Pasqual Maragall Foundation
- Named after: Pasqual Maragall
- Formation: April 2008
- Founder: Pasqual Maragall
- Founded at: Barcelona
- Type: foundation
- Legal status: active
- Purpose: Alzheimer's disease research
- Headquarters: Pompeu Fabra University
- Location: Barcelona;

= Pasqual Maragall Foundation =

The Pasqual Maragall Foundation is a private, non-profit foundation dedicated to scientific research of Alzheimer's disease. It was founded in April 2008 in Barcelona as a result of the public commitment of Pasqual Maragall, former Mayor of Barcelona and former President of the Generalitat de Catalunya, who had been diagnosed with this neurodegenerative disease in 2007. Its headquarters are located in the Ciutadella Campus of the Pompeu Fabra University in Barcelona.

Private and independent, the Pasqual Maragall Foundation counts on the economic support of partner enterprises and a network of associates and donors that make the project viable. Regarding its governing bodies, Dr. Jordi Camí is the director of the Foundation, Diana Garrigosa is the president and Pasqual Maragall, is the honorary president.

== Objectives ==
The Foundation’s objective is to promote scientific research in the field of Alzheimer’s disease, related neurodegenerative diseases and neuroscience in general. Another of its objectives is to provide technical support and advisory services, as well as transferring its knowledge in the areas that are specific to it. Another line of action included in its foundational mission is spreading the results of its scientific activities and involving society in relation to the knowledge obtained.

== The Barcelonaβeta Brain Research Center (BBRC) ==
The Barcelonaβeta Brain Research Center (BBRC) is a research center dedicated to the prevention of the Alzheimer’s Disease and the study of the cognitive functions affected in healthy and pathological aging. The Pasqual Maragall Foundation, with the support of the Pompeu Fabra University, was created it in 2012 and it’s currently directed by Dr. Arcadi Navarro.

The center’s mail activity is carried out in the Alzheimer’s Prevention Program, led by Dr. Jose Luís Molinuevo. The program focuses on the pre-clinical phase of the disease, characterized by a series of changes in the brain that can start up to 20 years before the onset of the symptoms, and on the prodromal phase, which occurs when the first symptoms of cognitive impairment appear, but the affected person continues being independent on a day-to-day basis. The program it’s structured in two research groups that collaborate closely from a clinical, cognitive, genetic and biomarker and neuroimaging perspective.

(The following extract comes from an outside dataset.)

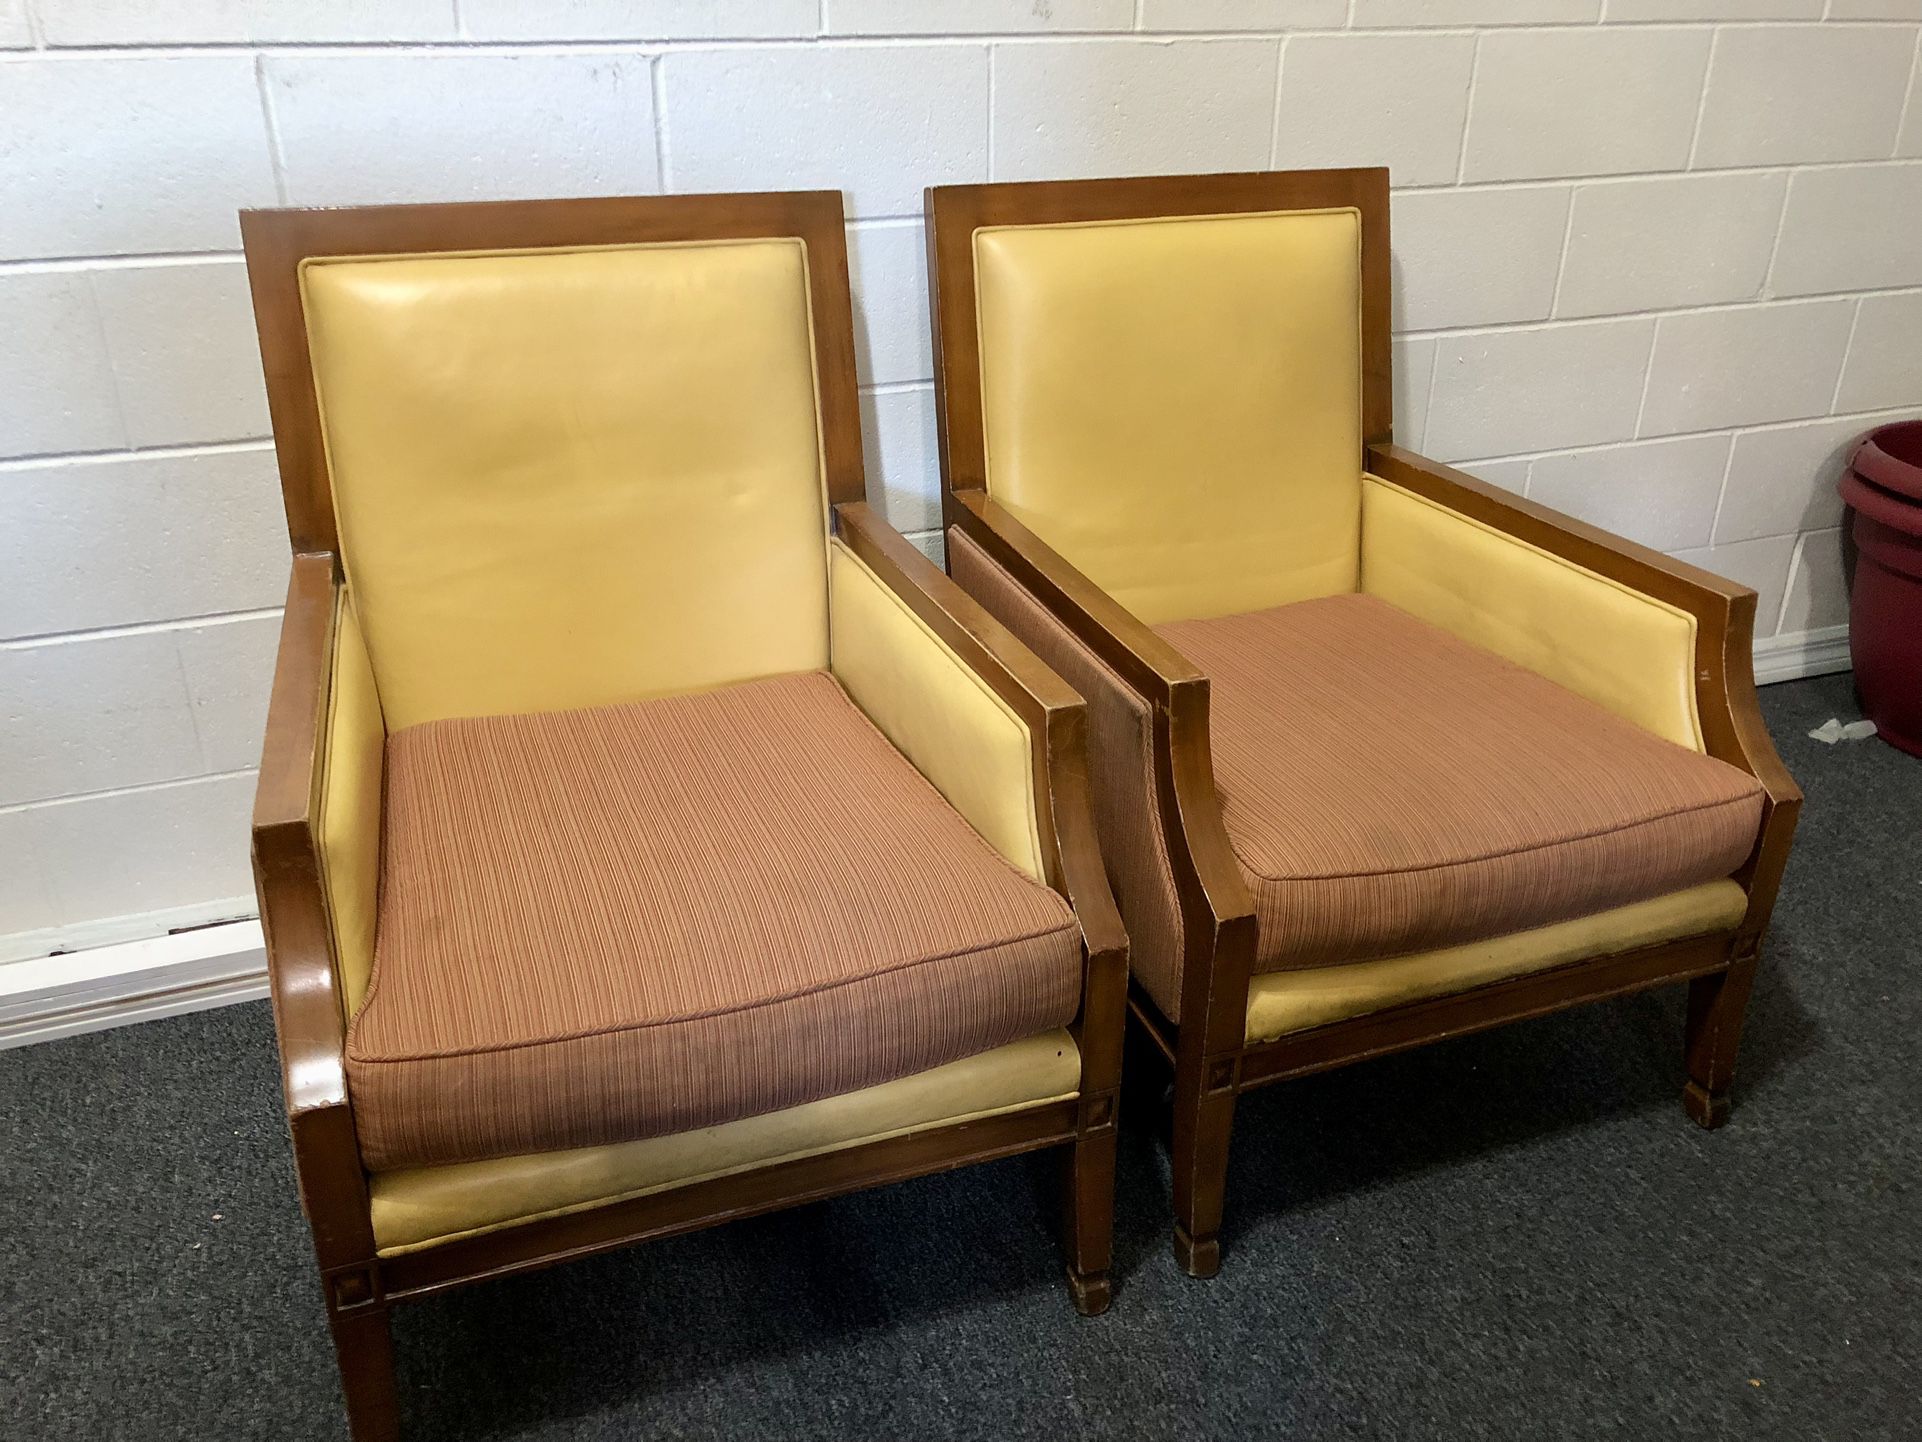 Pair of Vintage Mid Century Modern Arm Chairs/Accent Chairs

- Alfa Study: To identify the early physiopathological events in Alzheimer’s disease and develop primary and secondary prevention programs, the BBRC launched the Alfa Study, together with the Pasqual Maragall Foundation and thanks to support of “la Caixa”. The Alfa Study is a research platform made by 2.700 participants without cognitive alterations, dedicated to the early detection and prevention of Alzheimer’s disease. The participants are between 45 and 71 years old, and majorly descendants of people with Alzheimer’s disease, so the cohort is enriched with genetic factors related to the disease.
- Research Projects: The BBRC has several international studies and collaborations, majorly dedicated to the early detection and prevention of Alzheimer’s disease. The Alfa Study +, the Barcelonaβeta Dementia Prevention Research Clinic, the Alfa Genetics, the European Prevention of Alzheimer’s Dementia (EPAD), the Amyloid Imaging to Prevent Alzheimer’s Disease (AMYPAD) and TRIBEKA are some of the research projects that are carried out.
- Clinical trials: The BBRC works with the pharmaceutical industry and with public-private projects in Alzheimer’s clinical research in order to test drugs that succeed to avoid or delay the onset of the disease. Clinical trials for the prevention of Alzheimer’s disease with companies such as Novartis, Araclon Blotech and Janssen are being or have been carried out in their facilities.

The BBRC shares its headquarters with the Pasqual Maragall Foundation, at 30 Wellington Street in Barcelona, in the Ciutadella Campus of the Pompeu Fabra University. Inaugurated in 2016, its facilities include a state-of-the-art 3T magnetic resonance dedicated exclusively to research, and the personnel and equipment necessary to carry out clinical trials in human research. The BBRC‘s Neuroimaging Platform offers the scientific community personalized integral service to execute research projects that take into account the acquisition, management and processing of cerebral images by magnetic resonance.